ACTIVITY » Which lines of the entries below run from the one holding "Ceramic Nail Drill" to the one holding "Northwest Arkansas Destination", inclusive? Set down exactly those lines and no others.

LISTED RECORDS »
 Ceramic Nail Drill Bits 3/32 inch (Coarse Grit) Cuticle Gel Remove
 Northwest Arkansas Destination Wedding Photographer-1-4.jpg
==
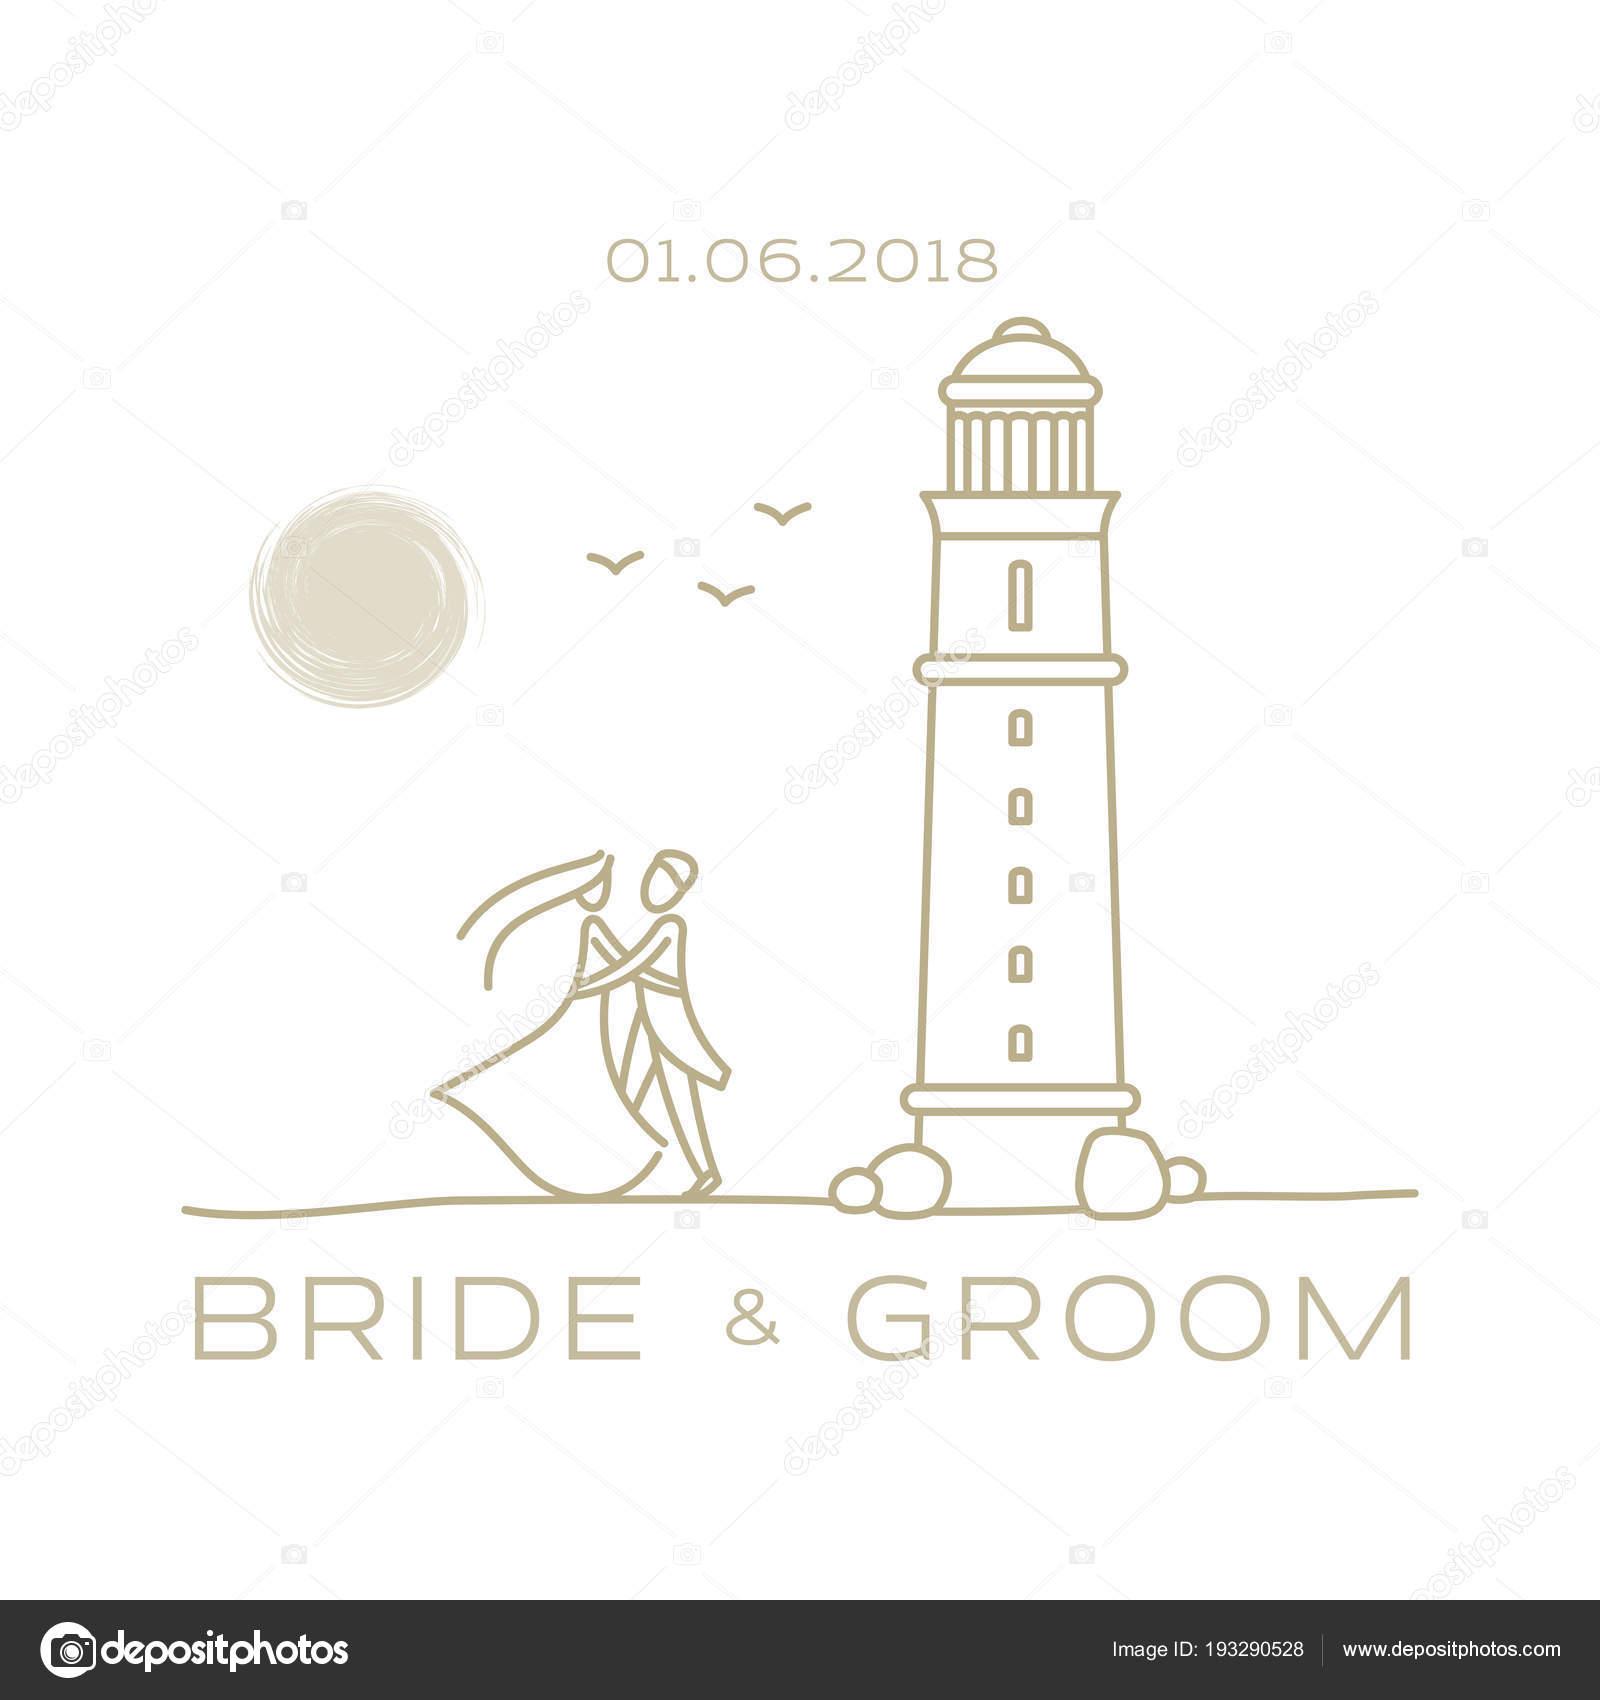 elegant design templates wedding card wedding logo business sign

TASK SOLUTION »
 Ceramic Nail Drill Bits 3/32 inch (Coarse Grit) Cuticle Gel Remove
 Northwest Arkansas Destination Wedding Photographer-1-4.jpg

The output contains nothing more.